Do you suffer from mental inertia?

Risk is a classic strategy-game: you raise armies, you attack territories, you conqueer the world. I discovered this board game when I was a kid, and fell in love with it. I know that hardcore strategy nerds find it too simple, or too random, and have hundreds of better alternatives to suggest. I’ve tried many of them, liked some of them a lot, but I still come back to Risk every now and then — probably the comfort of the well-known.


Lately, I’ve discovered the iPad version. Identical to the board game, At first, I would mostly play with friends during long flights. I realized the digital version had two key differences with the board one: you can play way faster and you can play against the computer. That’s how I enter an era of Risk-marathons: playing non-stop against 5 computer-controlled opponents at the highest difficulty level. Both out of curiosity for the quality of the artificial intelligence inside the software and to test my own internal machinery, I wanted to see if I could find a way to beat the computer every single time.

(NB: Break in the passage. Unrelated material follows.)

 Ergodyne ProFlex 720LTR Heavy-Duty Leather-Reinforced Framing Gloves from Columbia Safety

By playing hundreds of games at high-speed, you can observe patterns that you could not easily see at slower pace. I realized that, at Risk, you had essentially three types of immediate goals, each requiring a very different mindset: consolidate, expand, or survive. You switch between those three depending on your situation. When you start, you have a couple of assets, and you want to make them more solid: you are in consolidation mode. If everything goes as planned, you become so strong that you can consider more territories without jeopardizing yours: that’s expansion mode. But if you’ve suffered from too many bad blows, you switch to survival mode, and do whatever you can to avoid getting weaker.

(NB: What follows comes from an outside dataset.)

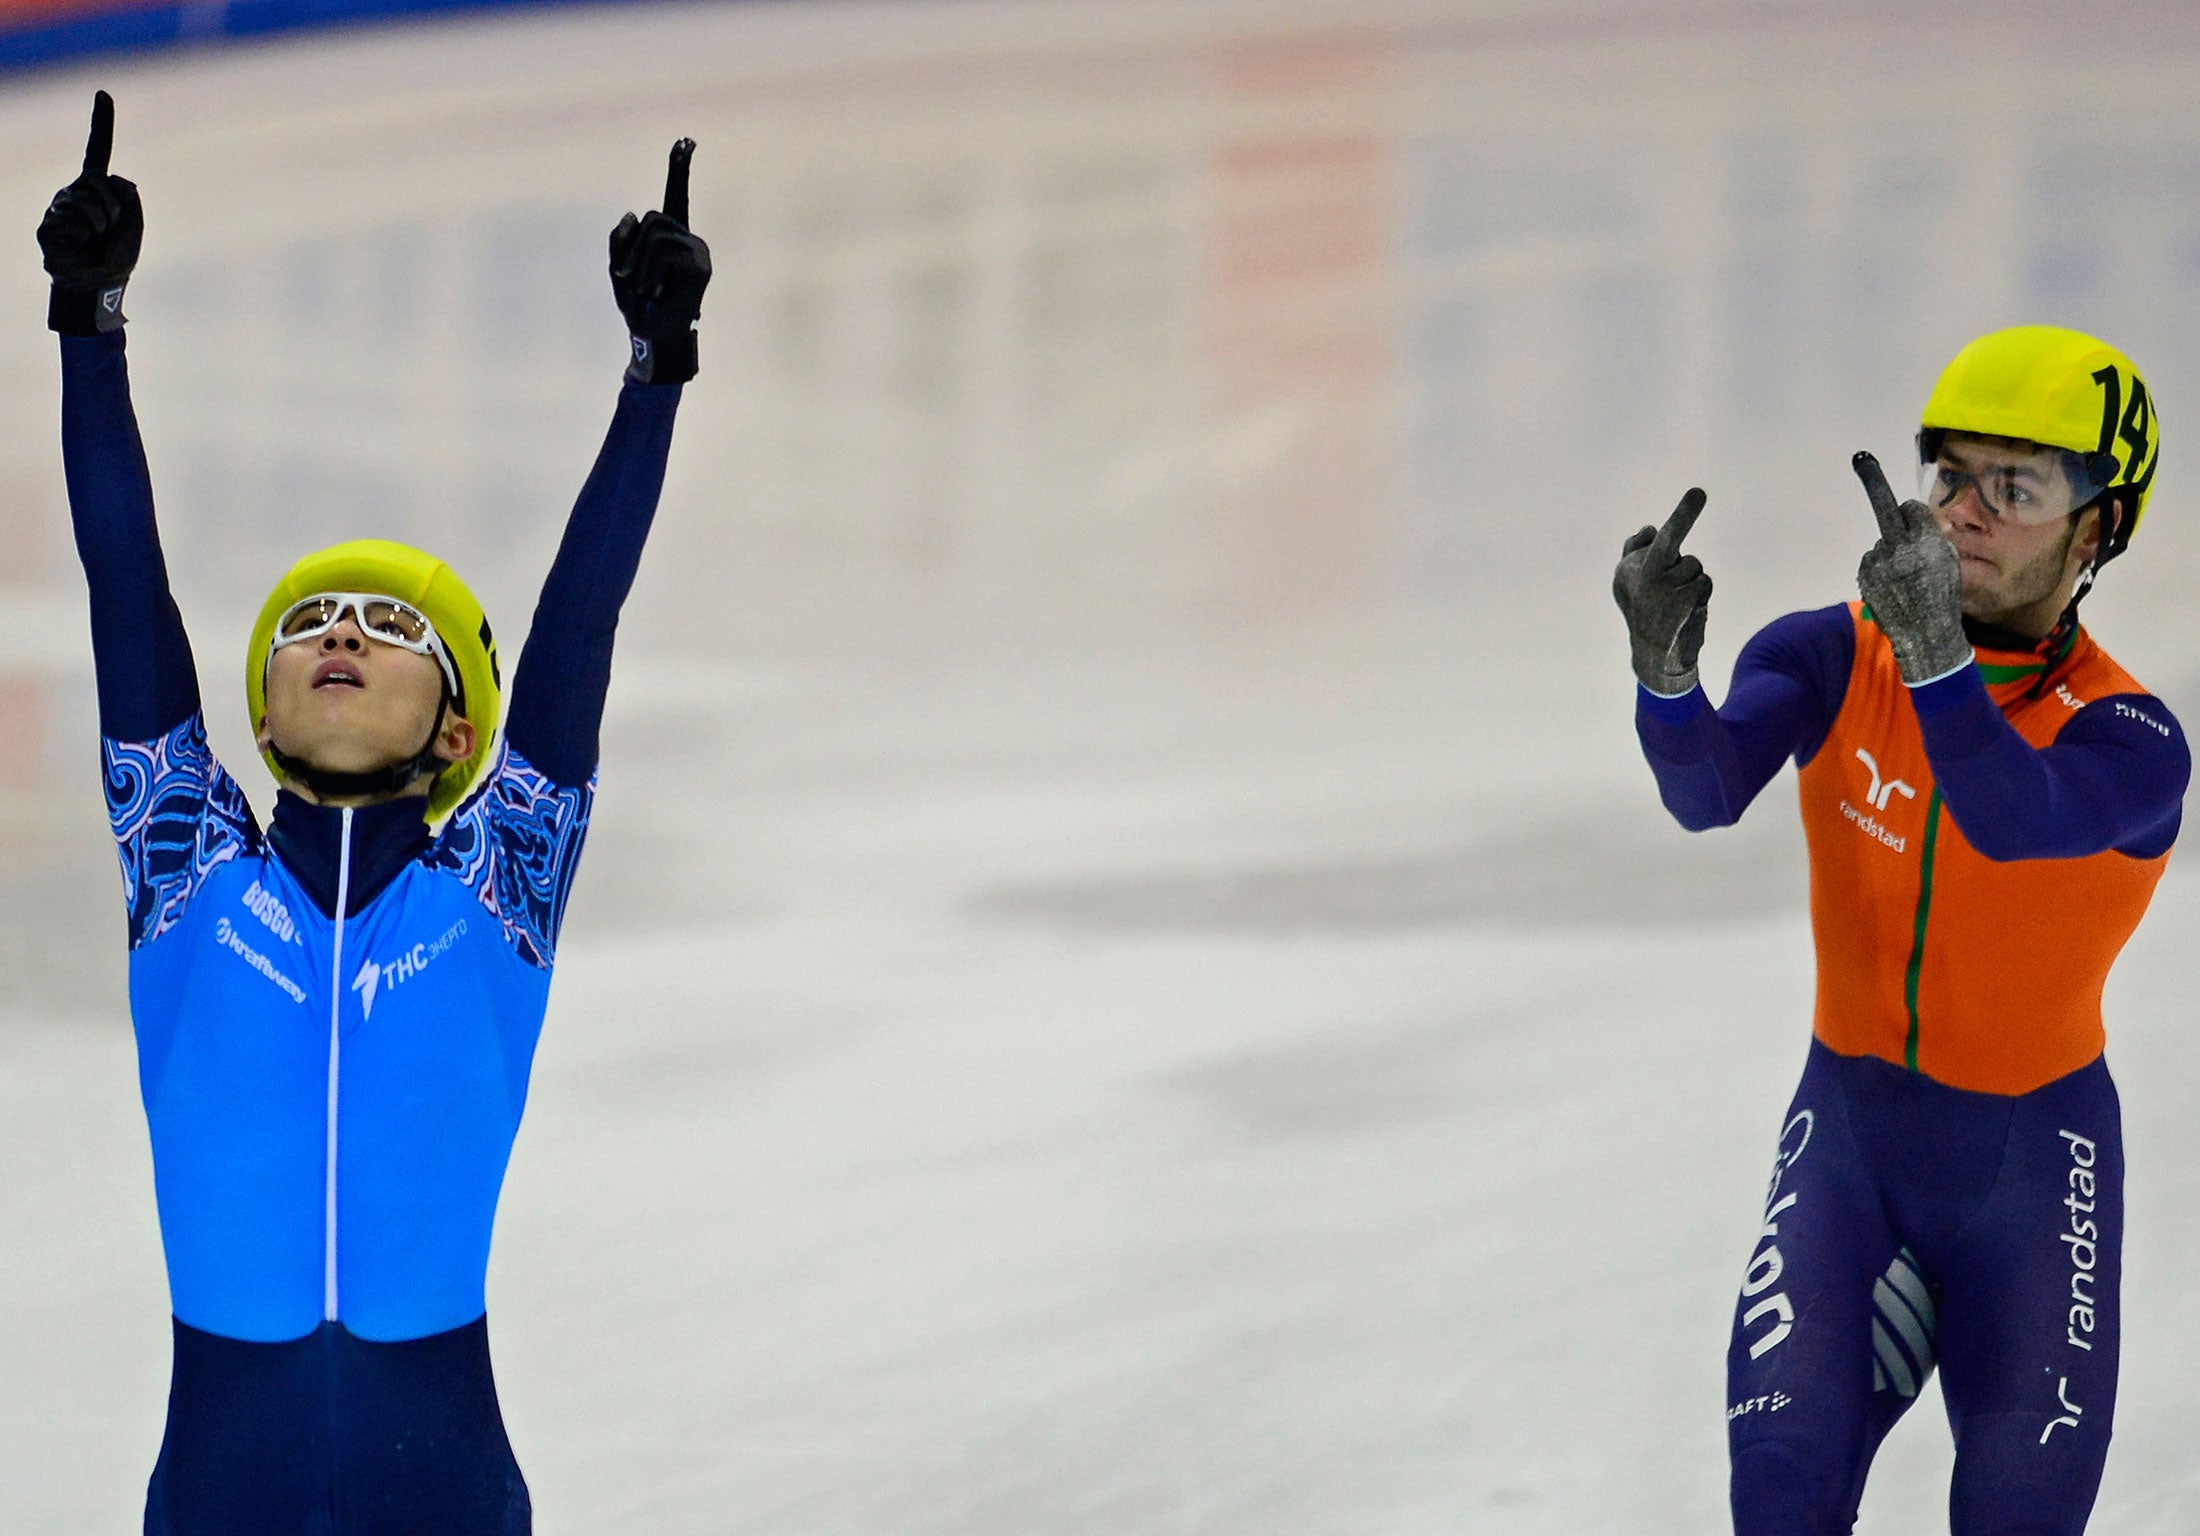 Sjinkie Knegt (R) of the Netherlands' team gestures next to Victor An (L) of the team of Russia celebrating after Russia won the men's 5000m relay final race of the ISU European Short Track speed skating Championships in Dresden, eastern Germany, on Janua

Consolidate, expand, or survive. Three modes. Once you understand that, you just need to improve your tactical skills in each mode. And to learn when to switch from one mode to another.


Switching to the appropriate mode sounds easy. You just need to analyze correctly your situation, identify the right mode, and adjust your priorities accordingly. Easy.

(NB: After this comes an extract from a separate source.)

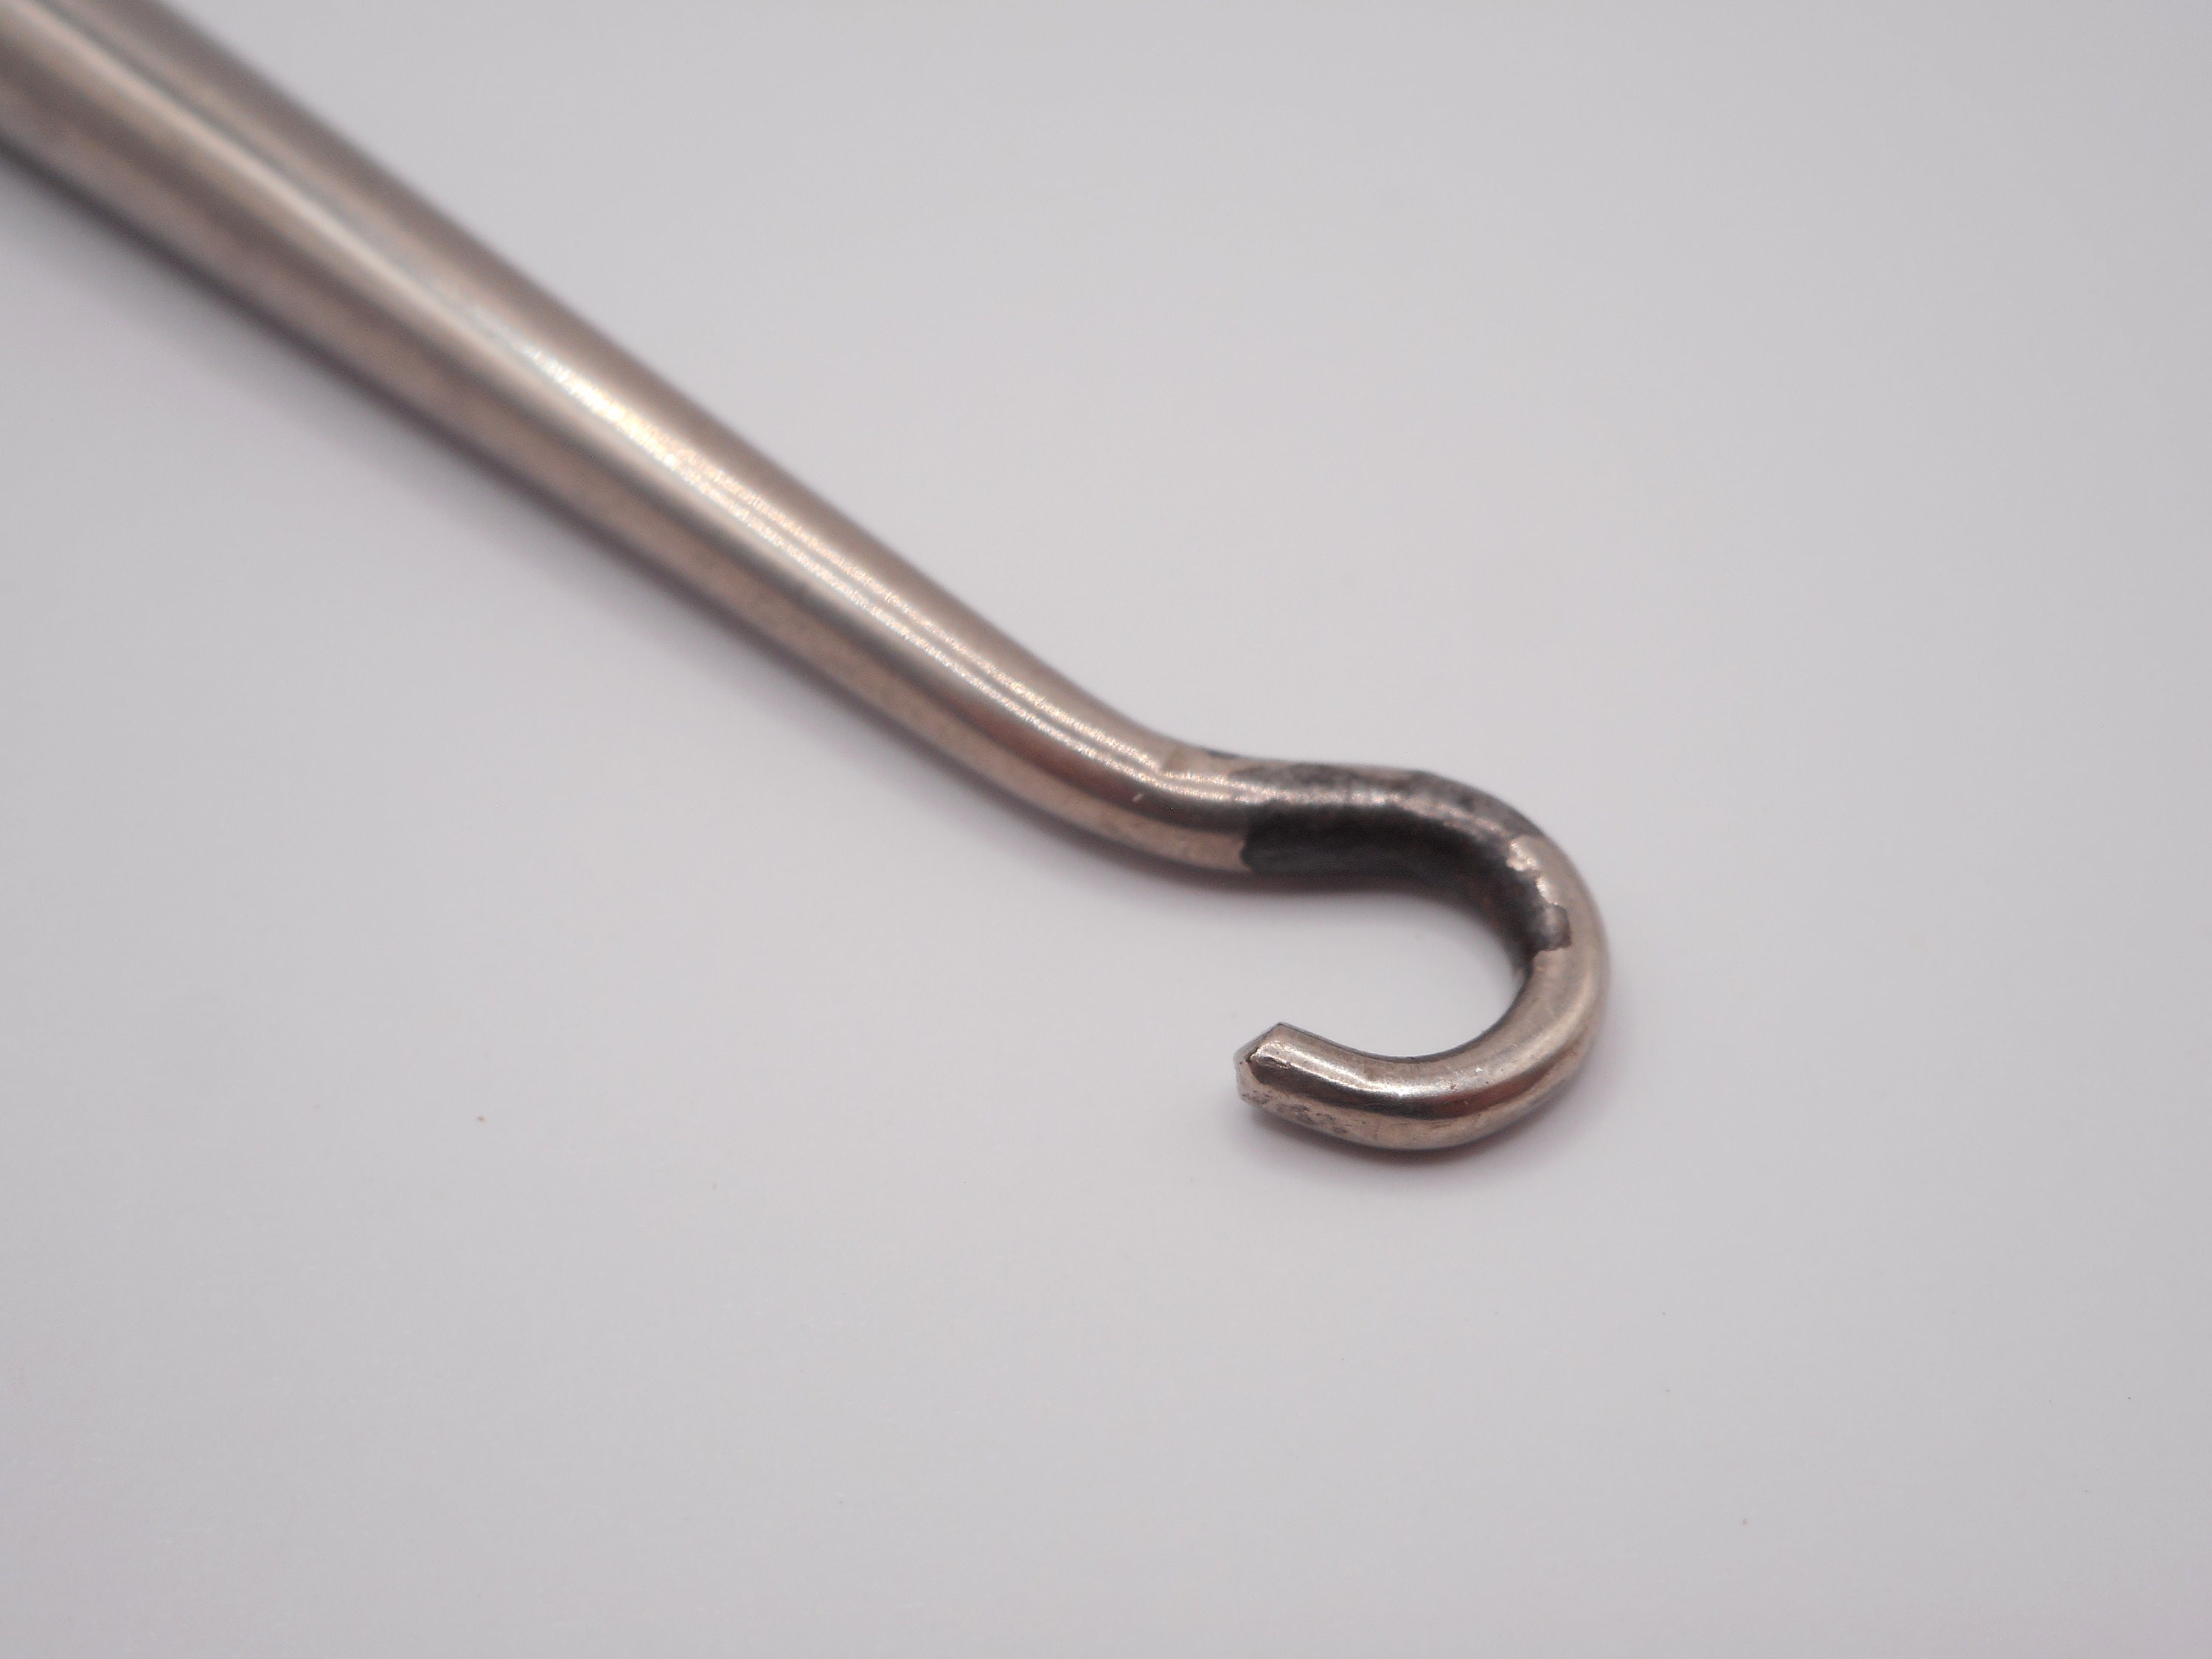 Long Sterling Silver Handled Button Hook With Engine Turned Detail

Except if you suffer from a very common flaw: mental inertia. Mental inertia is the unconscious force that pushes you continue to think the way you used to think before. You’ve been trying to survive for 4 rounds, avoiding to provoke any enemy’s attack? Guess what, it’s very likely that you’ll continue to behave like that way longer than you should. In other words, you will switch mode too late. And that will happen regardless of the mode you’re in: you’ll continue to expand if even the board is screaming that you should stop, you’ll consolidate your positions to the point that you will forget what it’s like to take the risk of expanding, you won’t switch to survival mode even though your old assets have been decapitated, etc.

Mental inertia will make you loose every time. Even if your tactical sense is good, it won’t matter unless your mind switches rapidly enough to the right mode.


Let’s forget about Risk for a second, and let’s take a look at your life. Do you suffer from mental inertia? Do you sometimes feel that you’re operating on auto-control if even the situation would require a more adequate approach? Are you clear on what modes you need to switch to, depending on your situation?